Food makers struggling to migrate to online retail

Written by Reuters | Paris | Updated: Jul 2 2014, 15:42pm hrs
Online retailA package of Birds Eye Beef Lasagne is displayed in the freezer of a convenience store in London.
Grocery manufacturers are struggling to adapt to the online world and need to invest in smarter packaging, presentation and supply chains to reap the long term benefits.

E-commerce accounts for just 3.7% of sales for fast-moving items like food, drinks and personal care products, market researcher Kantar Worldpanel says, forecasting a rise to 5% by 2016 as supermarkets develop their websites and online only retailers like Amazon and Ocado take them on.

Greater e-commerce could save money with more targeted marketing, including via social media, and lower product development costs, but industry insiders say manufacturers are put off innovation by the so-far small volumes of goods sold over the internet.

At a recent meeting of the Consumer Goods Forum (CGF) in Paris, Amazon vice-president of consumables Doug Herrington berated them over the presentation of their goods, saying his firm had to photograph items to show their scale.

This is a space you should have been a leader in and instead I find we have to innovate on your behalf, he said, noting items often arrived leaking or in unattractive bubble wrap.

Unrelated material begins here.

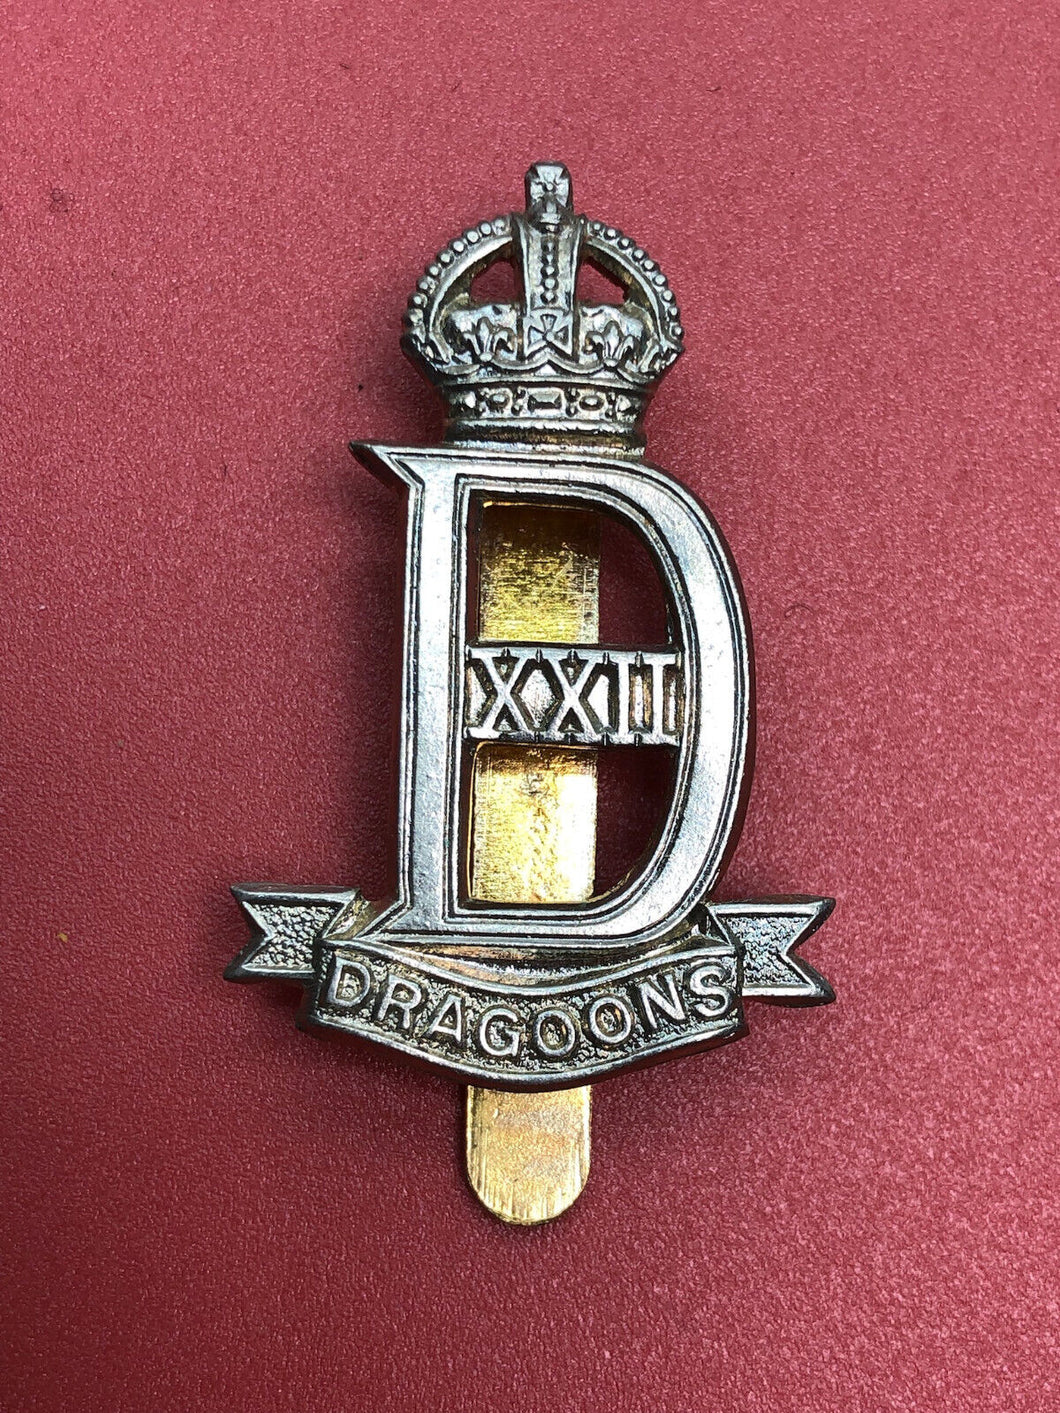 Original WW2 British Army Cap Badge - 22nd Dragoons

The first moment of truth for the customer is not what's on the site, it's what arrives at their home.

Most food makers remain seriously unprepared for online retailing, said Rabobank analyst John David Roeg saying they would have to expand their product assortments, since online shoppers are more likely to use search terms like organic yogurt or gluten-free bread.

Iglo Group, which hopes its Birds Eye frozen foods will generate 25% of sales online by 2017 from 10% now, said it was streamlining product names and information alongside testing promotions encouraging bulk purchases.

If you have the wrong words at the beginning, someone who is accessing through a mobile (phone) might just see 'frozen pea' and have no idea what size pack it is, if it's peas and sweet corn, peas and carrots or just peas, general marketing manager Cheryl Calverley said.

It's a really new market though, so everyone's trying new things, she told Reuters.

Some manufacturers are toying with their own ecommerce sites but only in niche areas, with firms like L'Oreal, Nestle and Procter & Gamble selling small amounts of cosmetics, coffee, chocolate and shampoo directly.

Nestle's Nespresso coffee brand is unusual in that it gets 60% of its sales from its own websites, but the company said the plan was not to bypass retailers.

The world's largest food maker, which gets about 3 to 4% of its sales online, says it has created ad hoc online product name and descriptions, advanced images and how-to videos that link to retailers' websites but was proceeding cautiously.

We know that we have to engage with players that are going to set these platforms up, Nestle chief executive Paul Bulcke said in an interview. Because of our success and history, that could be a liability because you hold on to what you know.

Asked about bespoke products or packaging, Nestle cited its Gerber brand as an example of how the online space requires ad hoc packaging with an infant formula package available just on Amazon.

An online migration would ultimately lead to better consumer data and therefore less product inventory throughout the supply chain, Roeg said, reducing working capital and new product development costs by allowing for small, targeted trials.

Fabio Vacirca, global managing director of Accenture's consumer goods & services practice, also said margins would improve, despite a wider offering. A digital shelf is virtually infinite, so we will probably see more (product) complexity.